■ **Try it**: Although the records contain pictures, none belong in the copy: restate word for word only the lines from the one with "19-astounding-facts-about-lake-zurich" through the one with "Do you have", both included.

===== Records to use

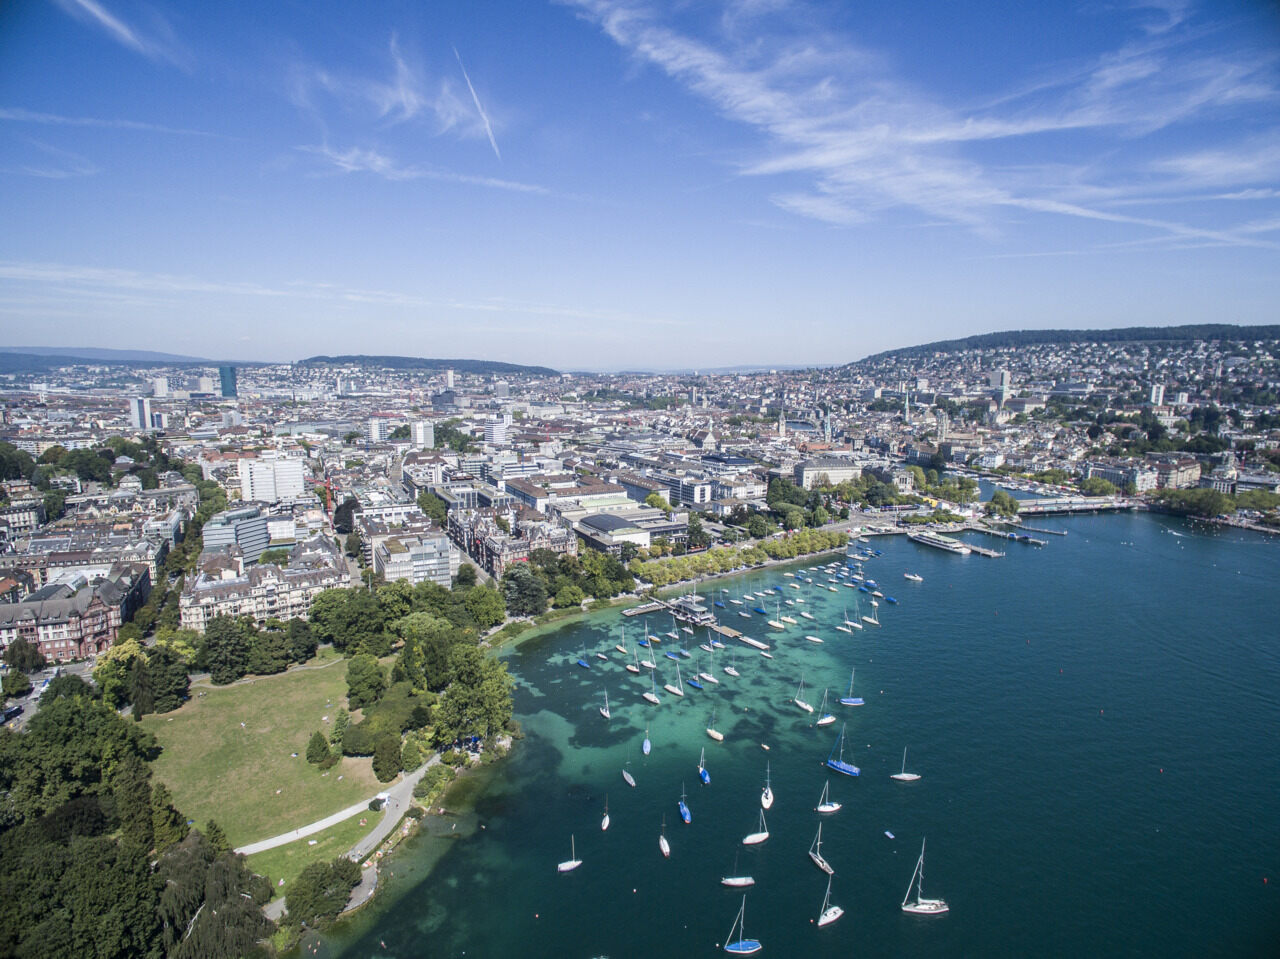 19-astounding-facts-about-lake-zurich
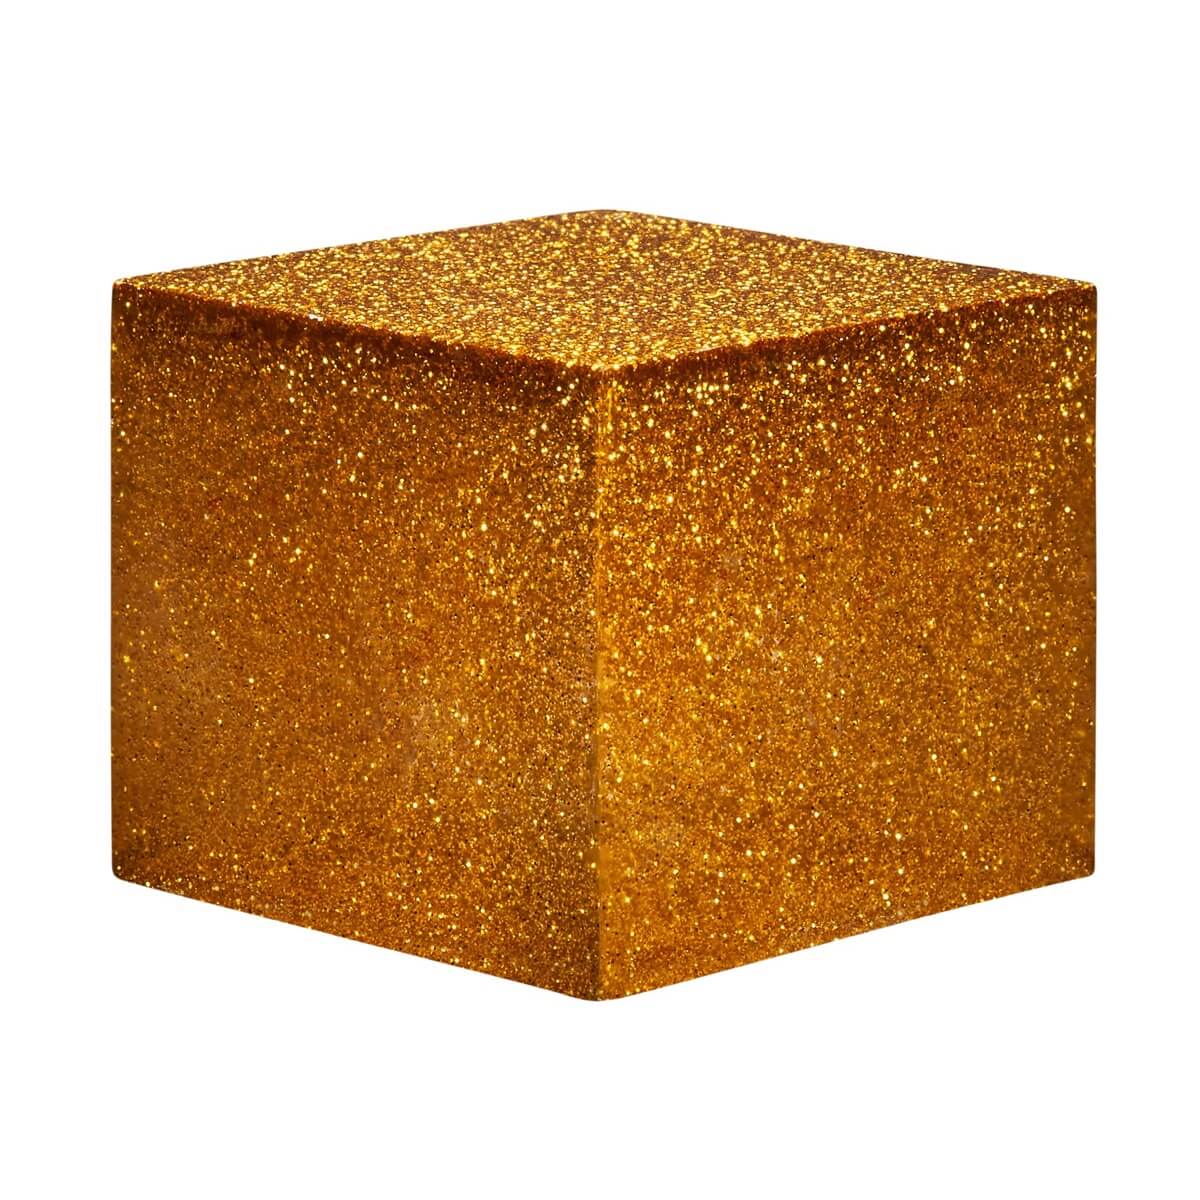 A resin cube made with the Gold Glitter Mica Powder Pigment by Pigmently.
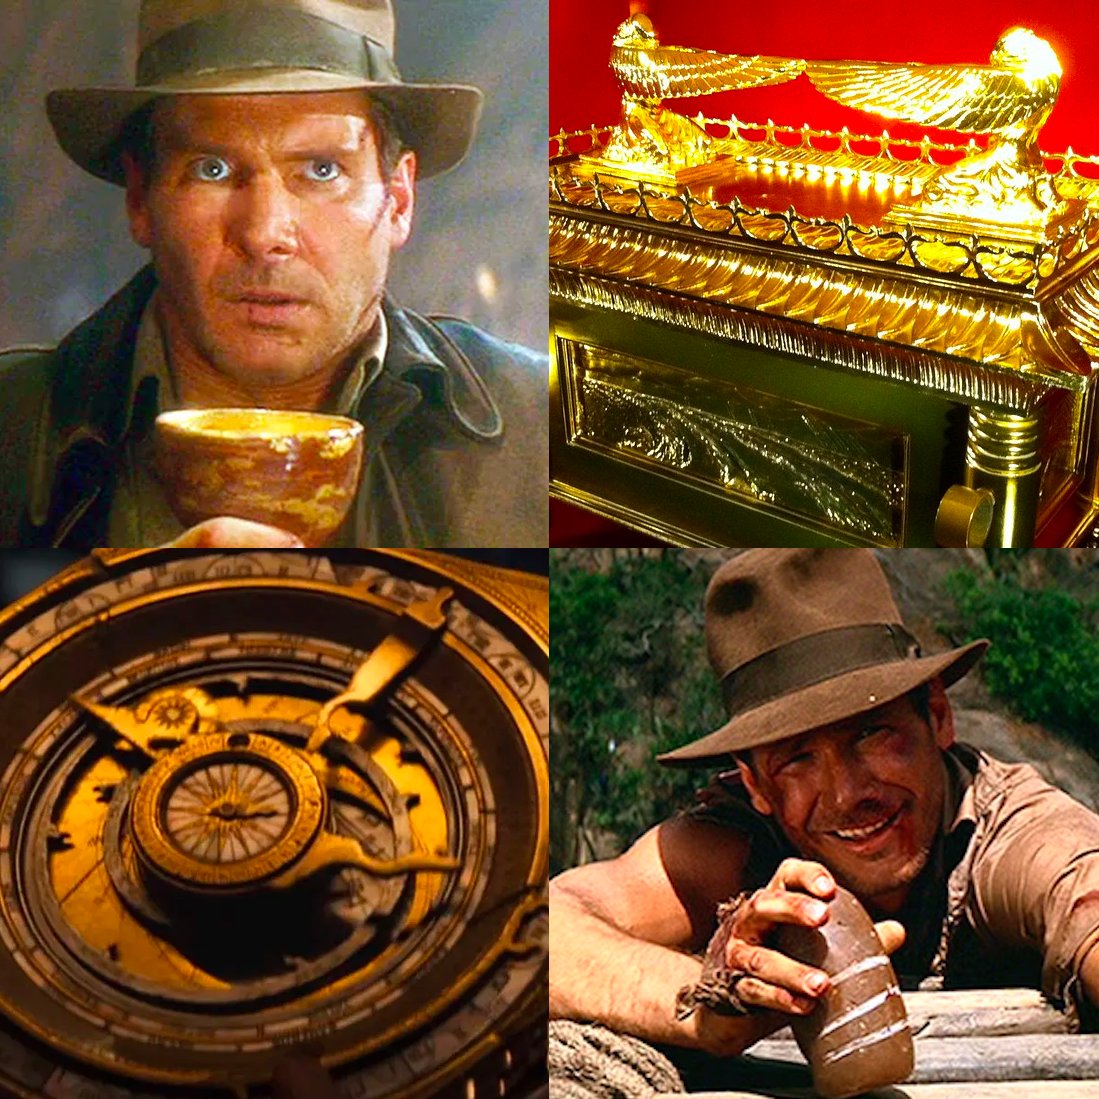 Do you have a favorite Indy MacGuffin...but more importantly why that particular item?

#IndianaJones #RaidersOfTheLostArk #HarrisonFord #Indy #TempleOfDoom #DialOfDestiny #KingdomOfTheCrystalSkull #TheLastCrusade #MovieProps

==========
===== Records to use

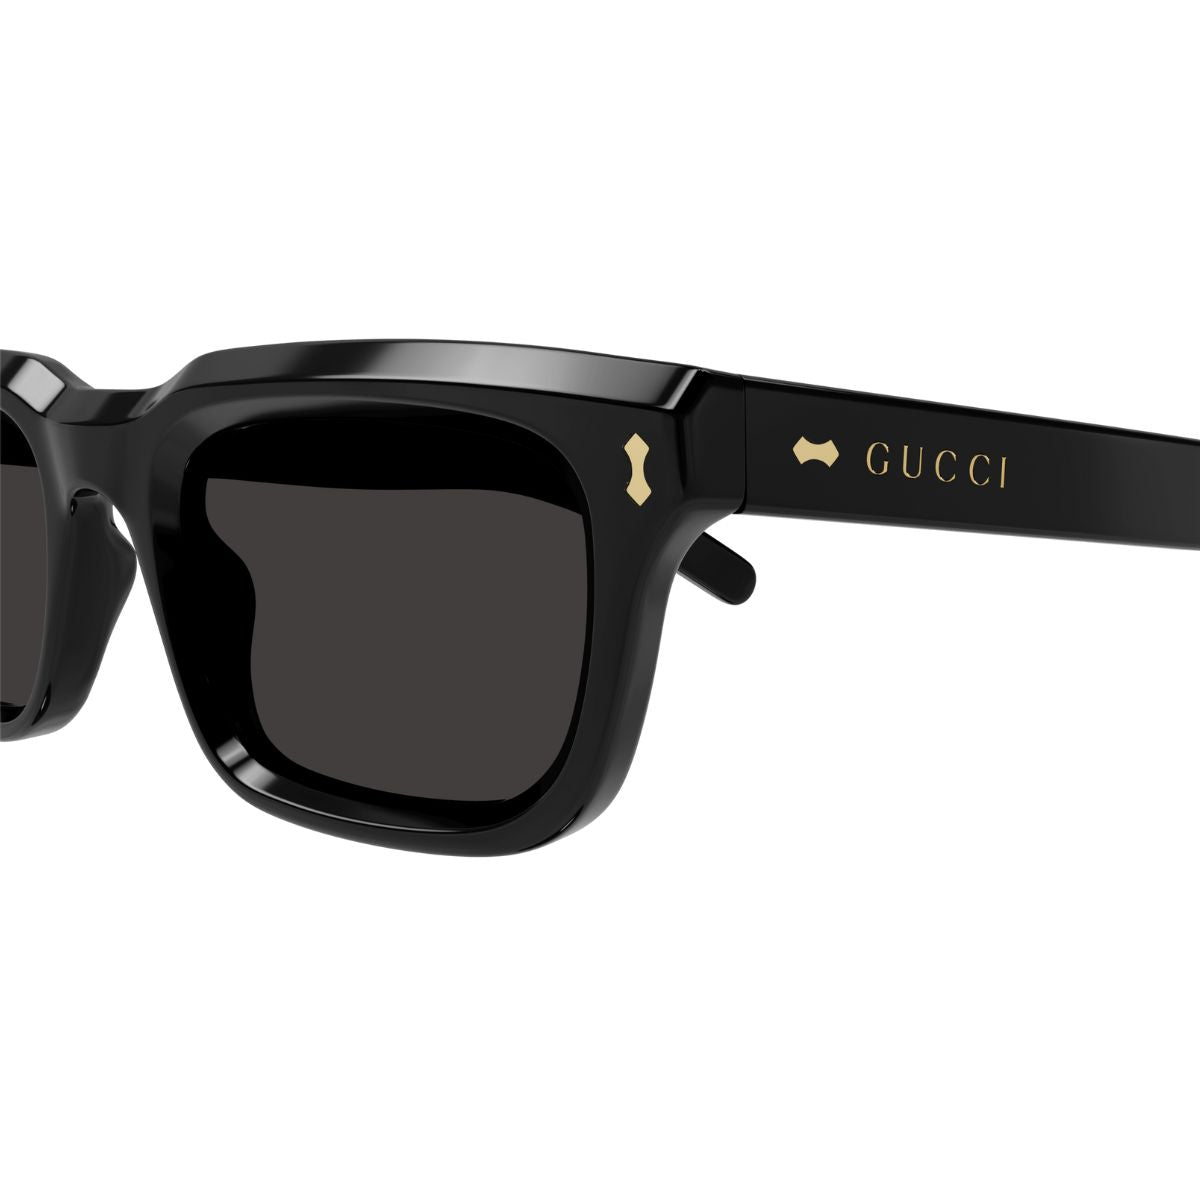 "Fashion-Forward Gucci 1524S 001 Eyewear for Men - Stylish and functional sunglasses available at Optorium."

==========
===== Records to use

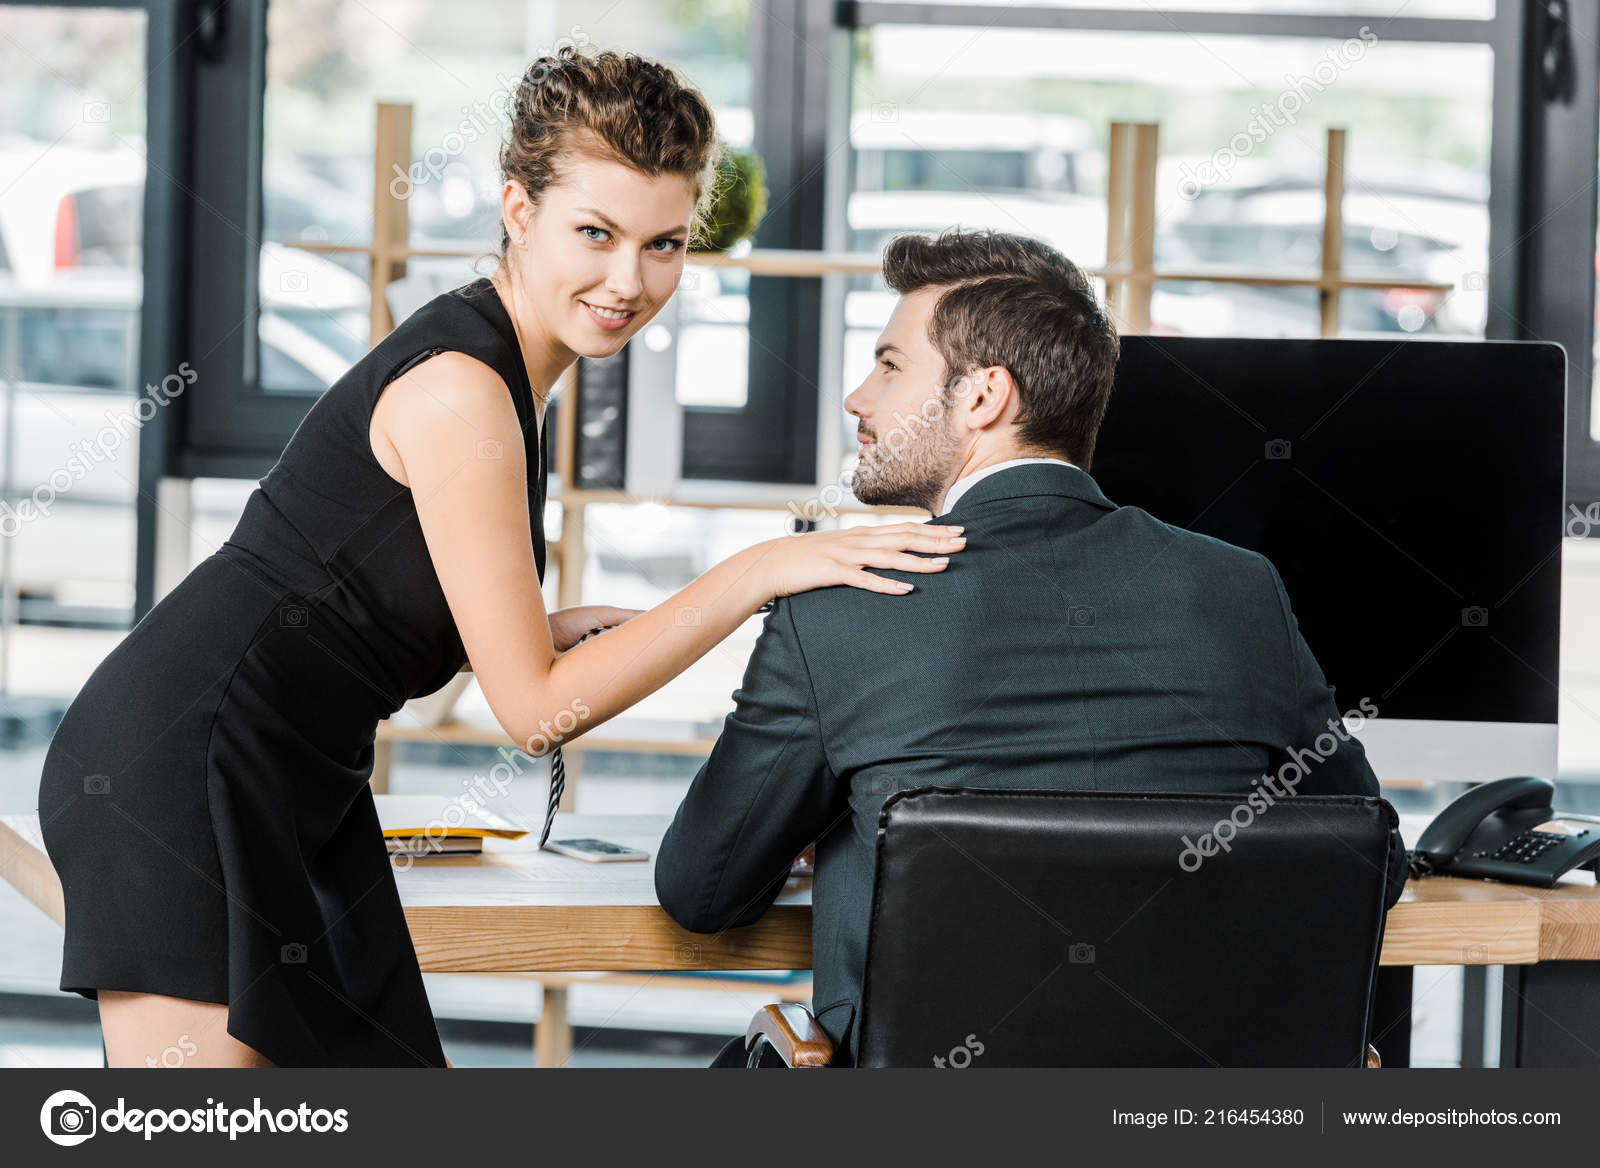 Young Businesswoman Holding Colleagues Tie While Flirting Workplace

==========

■ **Answer for this exercise**:
 19-astounding-facts-about-lake-zurich
 A resin cube made with the Gold Glitter Mica Powder Pigment by Pigmently.
 Do you have a favorite Indy MacGuffin...but more importantly why that particular item?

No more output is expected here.